Natural thickeners, made from chemicals on the seed coat, might be used in food processing. The protein-rich meal, left over after oil is removed, may supplement cattle feed.
Breeding Americas L. fendleri with wild relatives may yield offspring that bear bigger seeds with more oil and a higher amount of hydroxy fatty acids. This might boost lesquerella's potential as a profitable new crop for growers in the Southwest.

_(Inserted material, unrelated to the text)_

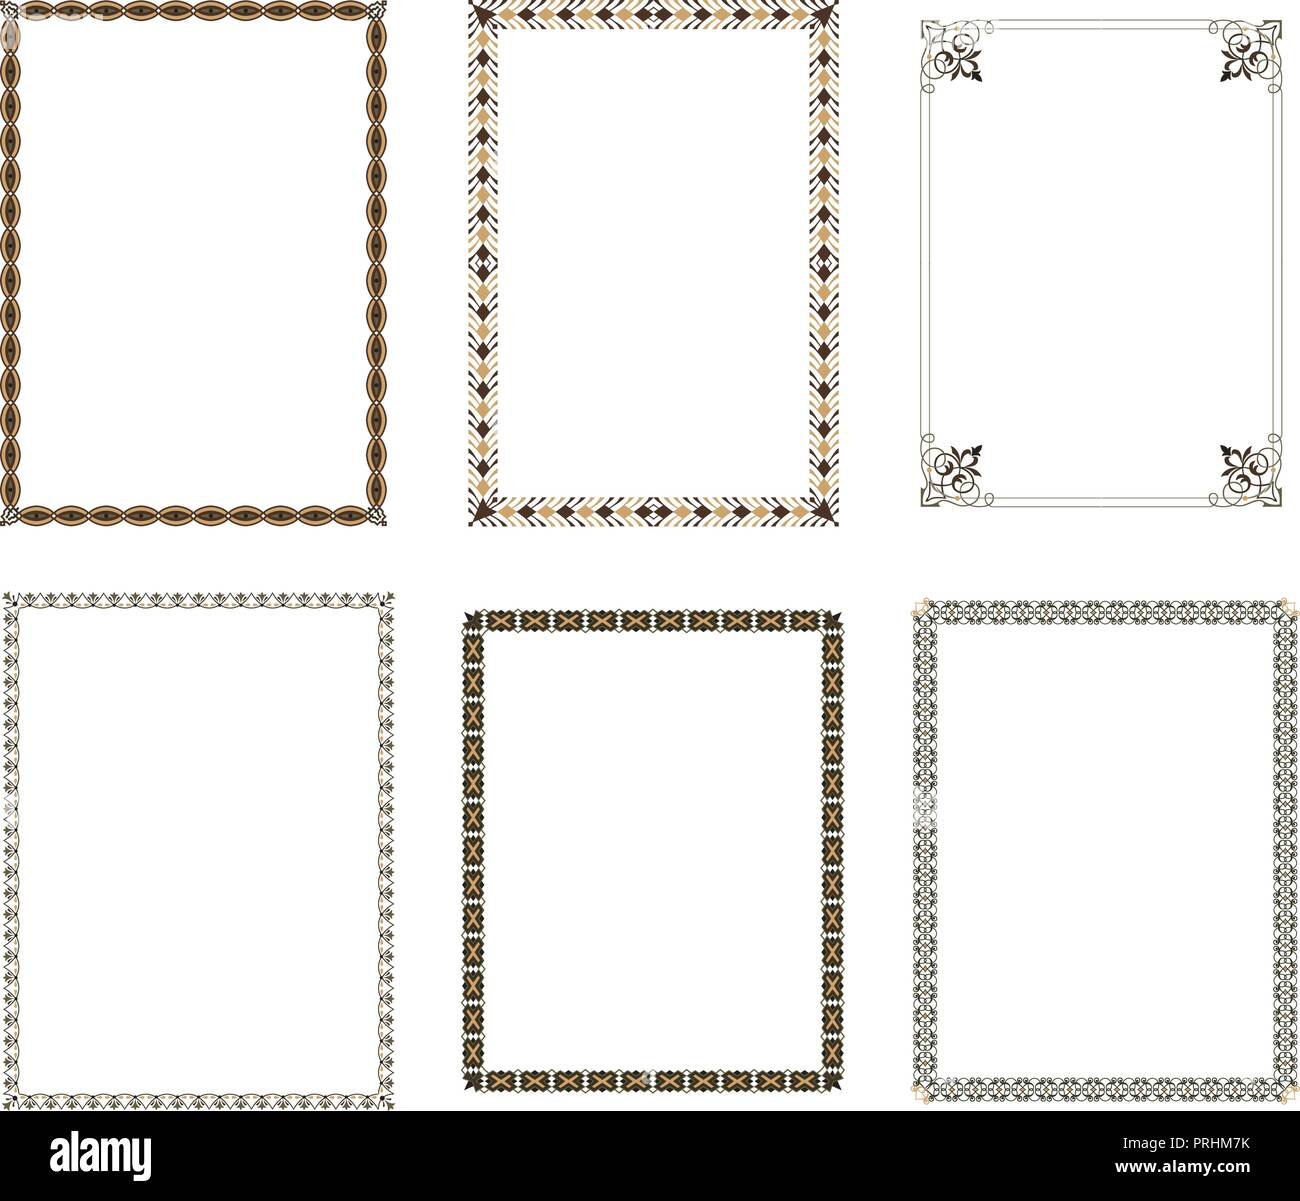 Vector Decorative Frame Elegant Element For Design Template Place
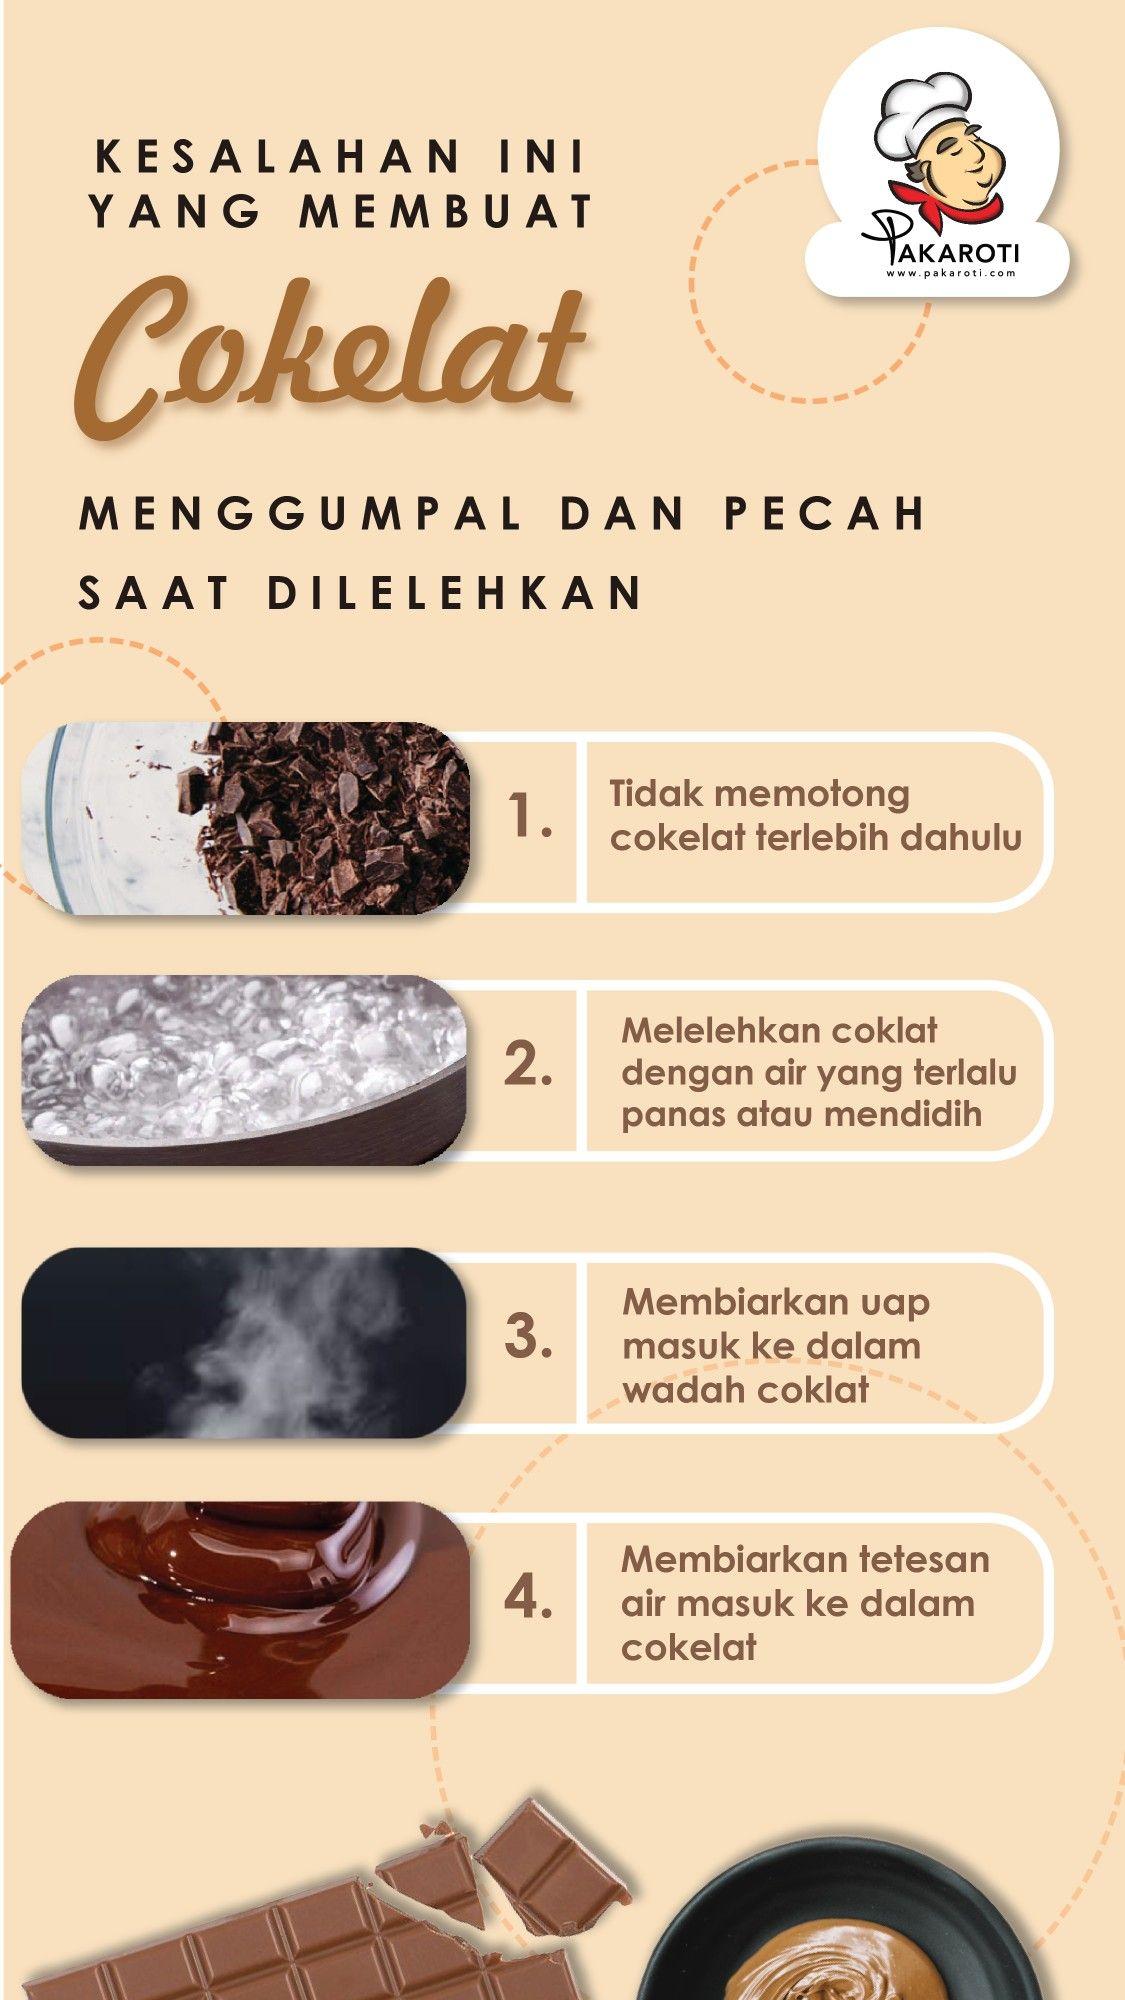 Kesalahan Ini Yang Membuat Coklat Menggumpal Dan Pecah Saat Dilelehkan Makanan Makanan Dan Minuman Makanan Ringan Manis

Dierig, along with Andrew M. Salywon of Arizona State University, Tempe, will join colleagues from Mexicos Antonio Narro Agricultural University, Coahuila, on the expeditions to the states of Chihuahua, Coahuila, Durango, Hidalgo, Nuevo León, Oaxaca, Puebla, San Luis Potosí, Tamaulipas and Zacatecas.
Some seed will be planted at test plots in Arizona. Later, a selection of seed harvested from the Arizona plots will be given to a plant gene bank in the U.S. National Plant Germplasm System. The scientists are the first to collect lesquerella from Mexico for the Germplasm System.